Return the lines of the listing below exactly as they appear, beginning at the one with "Light pink, blue" and stopping after the one with "Are you looking"; do not include pictures.

PROVIDED ENTRIES:
== == ==

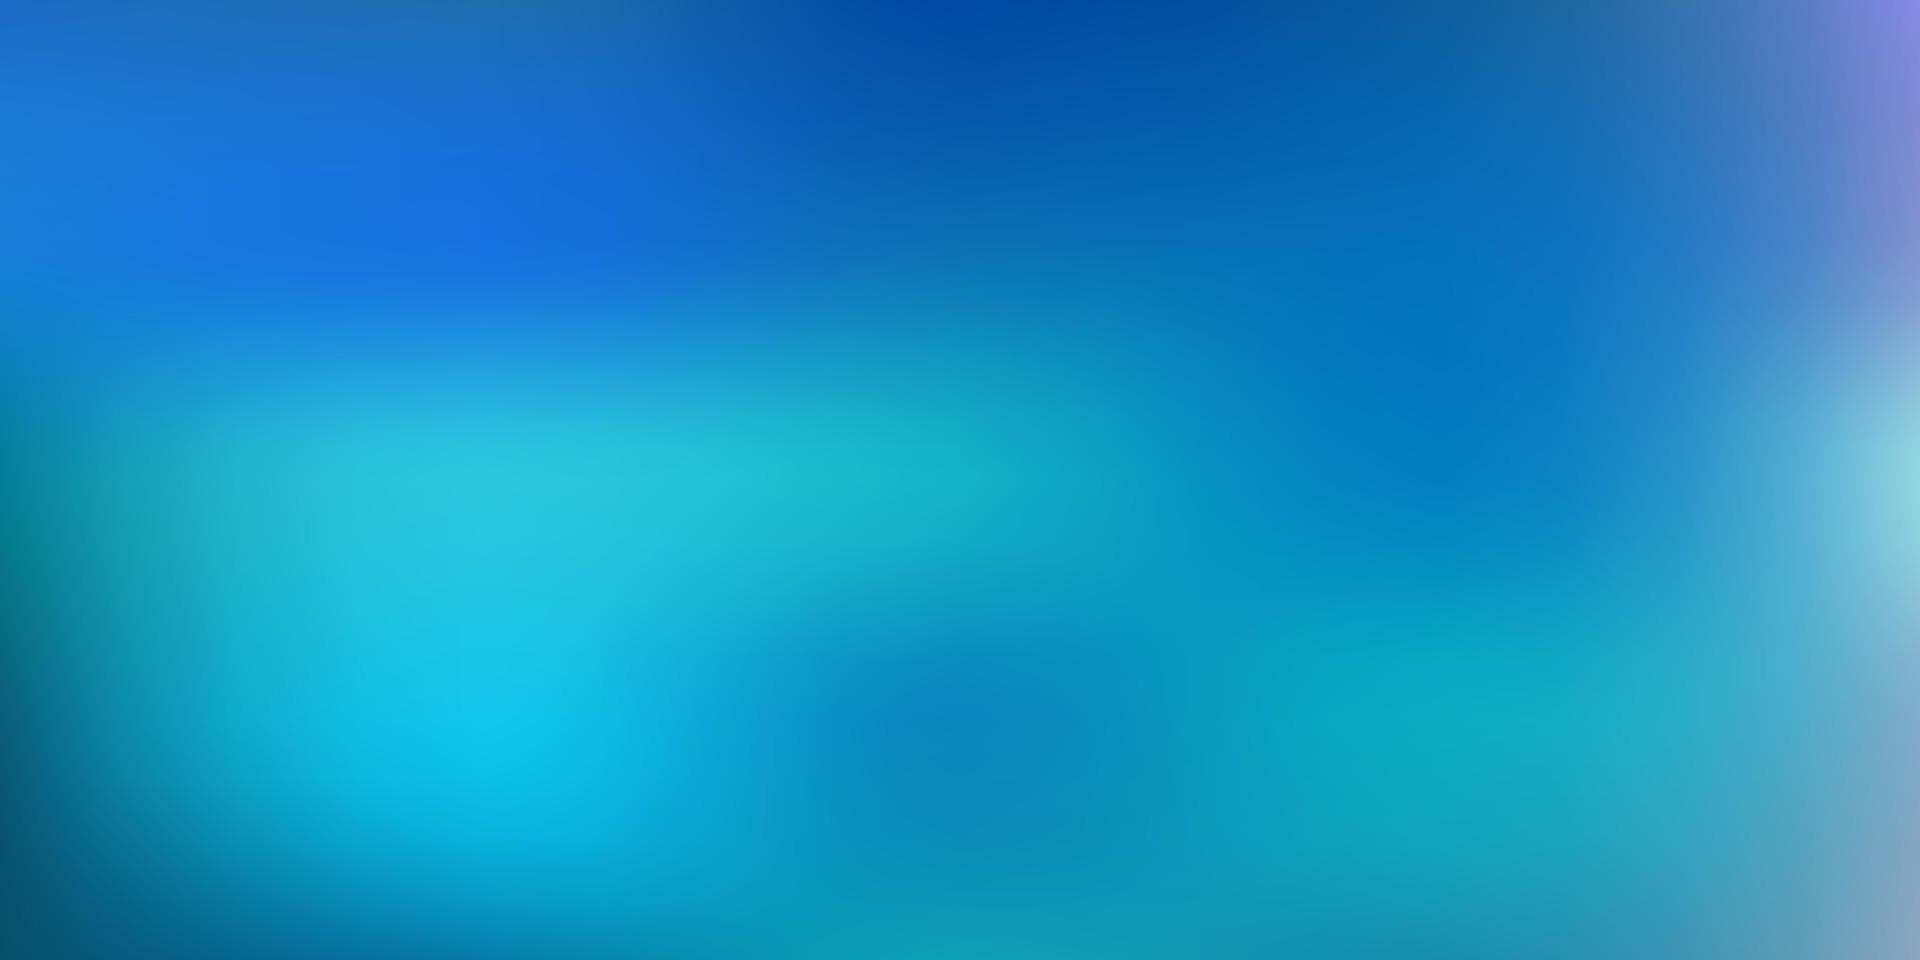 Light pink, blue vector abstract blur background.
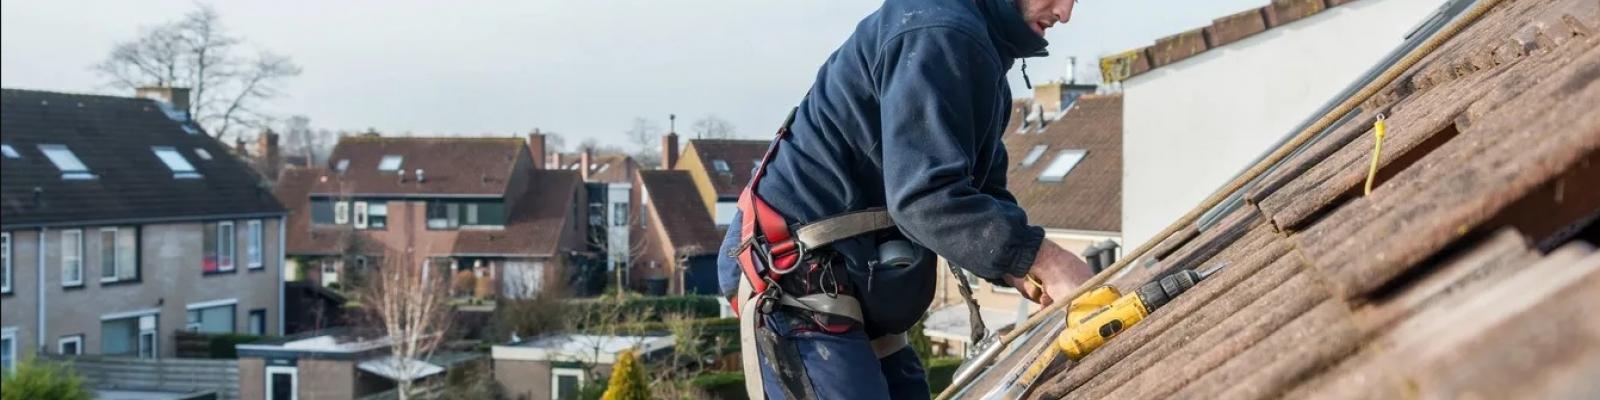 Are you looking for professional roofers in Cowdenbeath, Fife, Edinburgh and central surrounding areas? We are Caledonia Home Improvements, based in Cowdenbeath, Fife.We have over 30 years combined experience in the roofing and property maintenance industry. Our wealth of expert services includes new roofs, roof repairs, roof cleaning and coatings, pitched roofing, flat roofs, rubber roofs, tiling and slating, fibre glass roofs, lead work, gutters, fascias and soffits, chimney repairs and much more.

== == ==

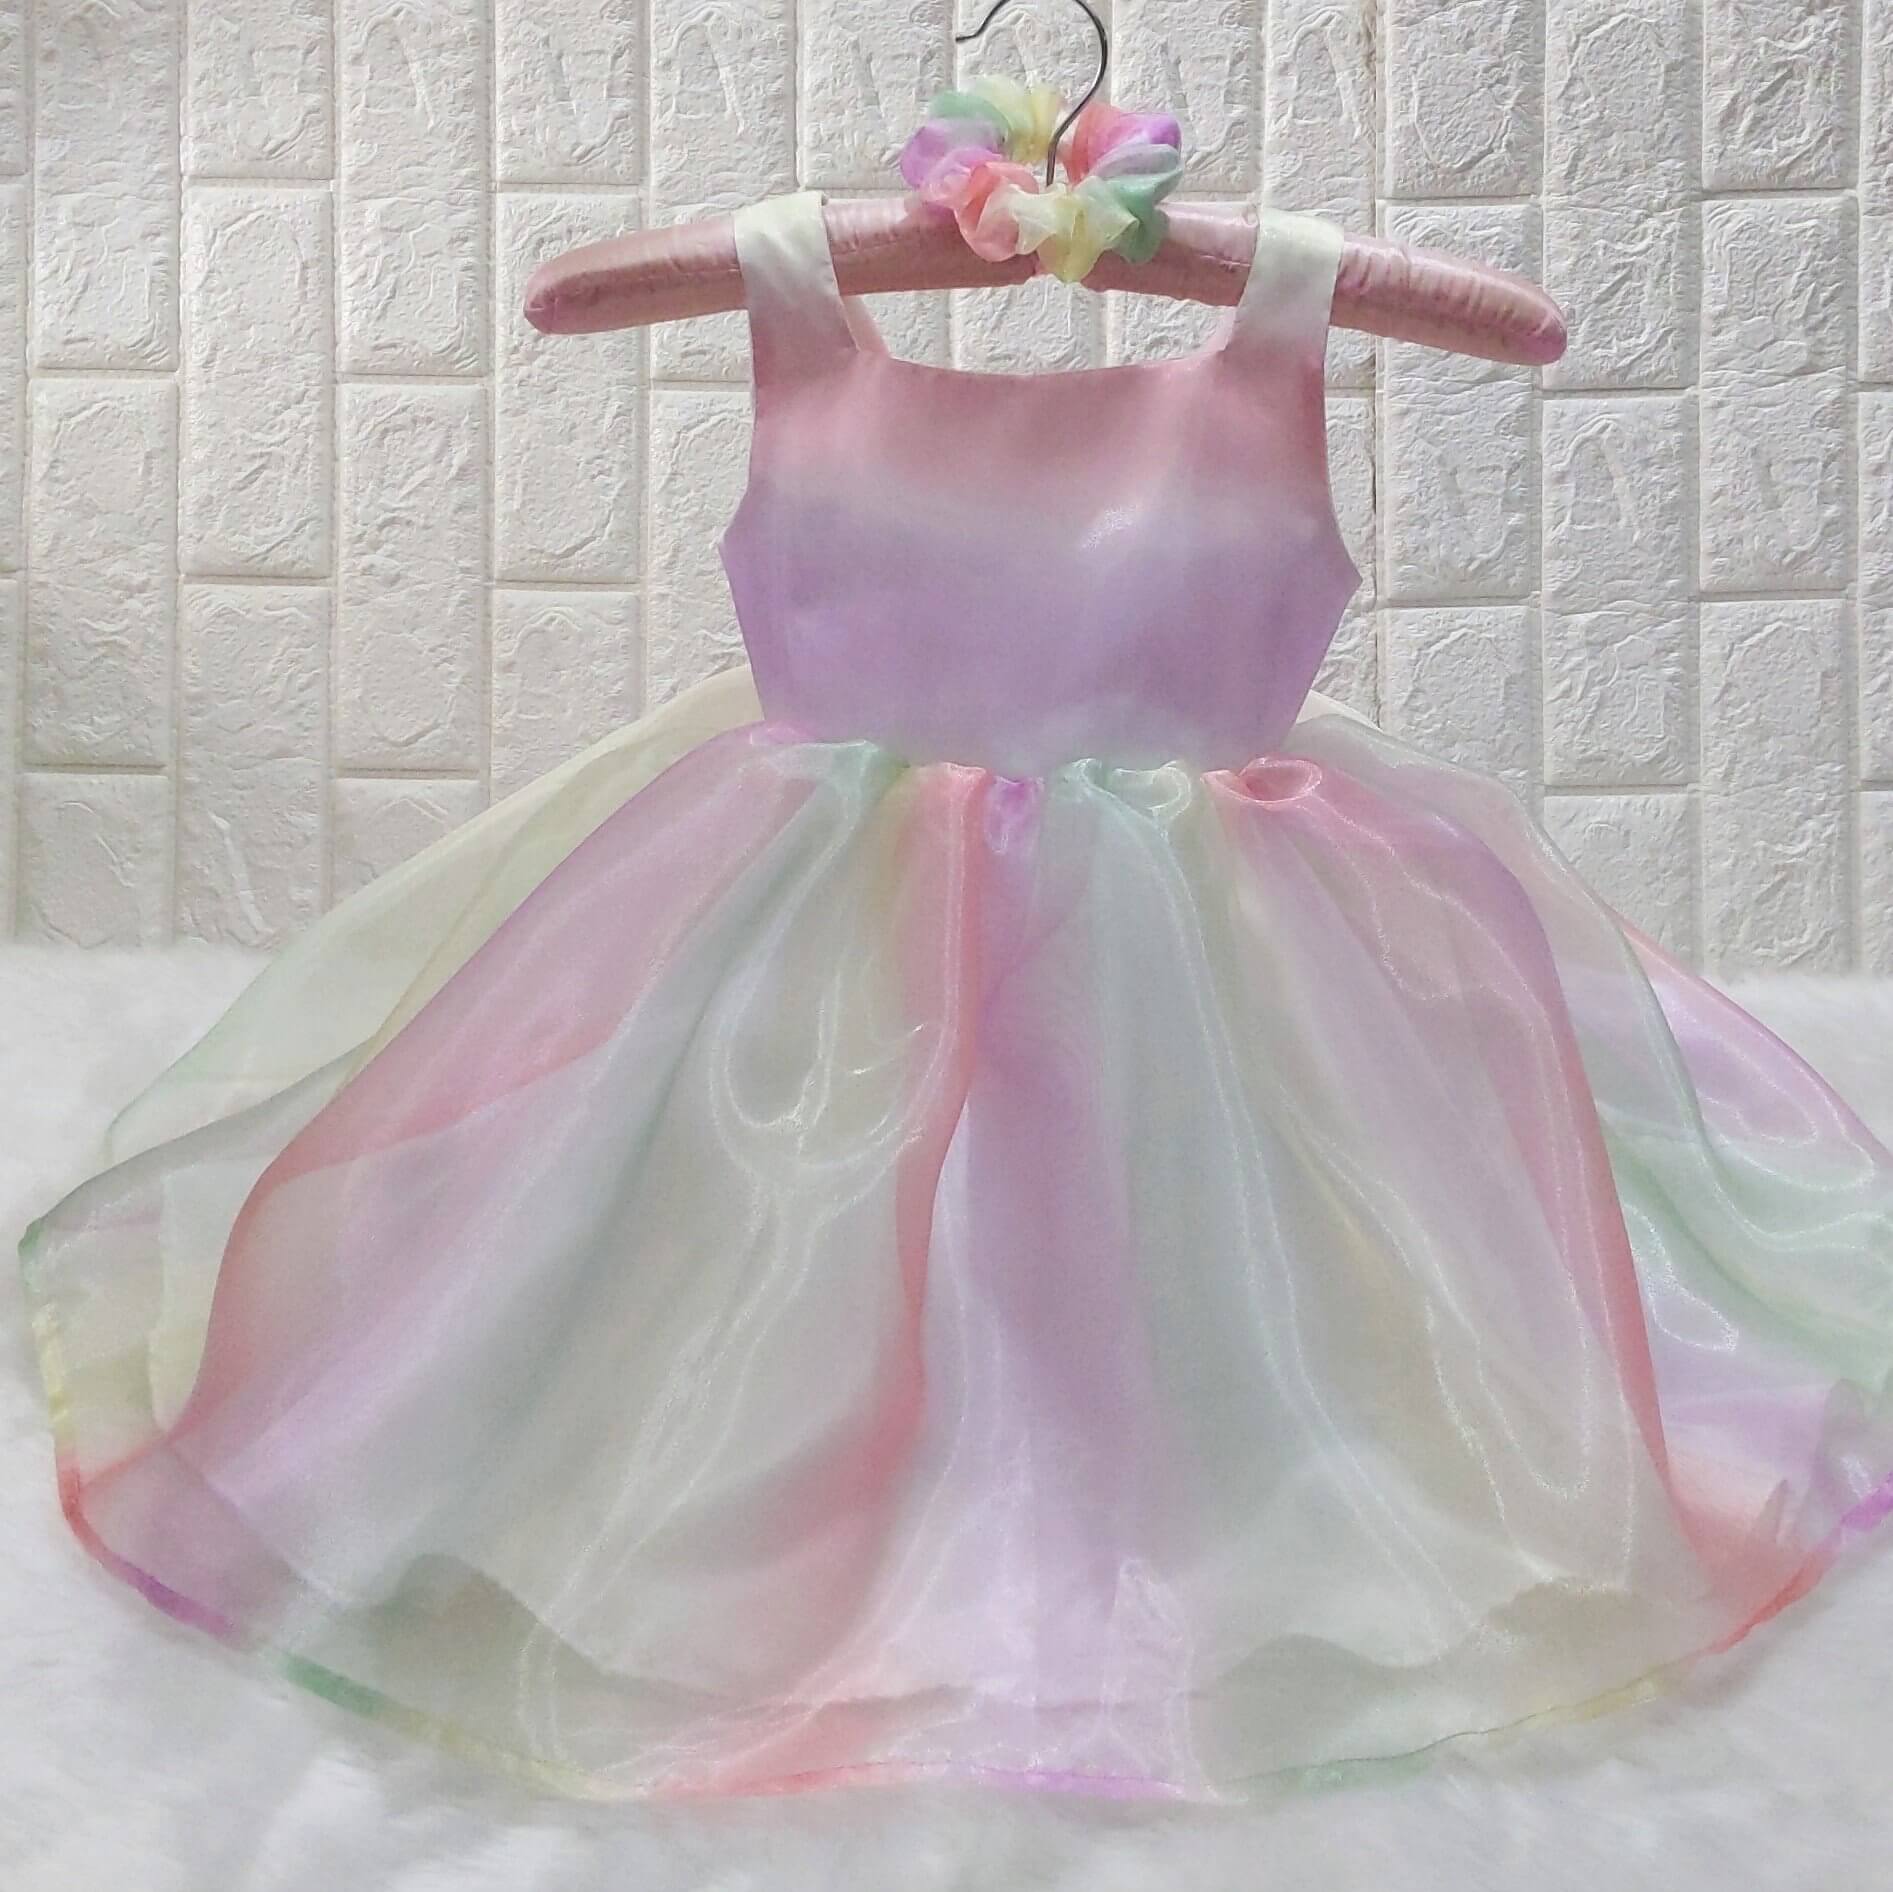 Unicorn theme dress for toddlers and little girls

== == ==

OUTPUT OF THE EXERCISE:
 Light pink, blue vector abstract blur background.
 Are you looking for professional roofers in Cowdenbeath, Fife, Edinburgh and central surrounding areas? We are Caledonia Home Improvements, based in Cowdenbeath, Fife.We have over 30 years combined experience in the roofing and property maintenance industry. Our wealth of expert services includes new roofs, roof repairs, roof cleaning and coatings, pitched roofing, flat roofs, rubber roofs, tiling and slating, fibre glass roofs, lead work, gutters, fascias and soffits, chimney repairs and much more.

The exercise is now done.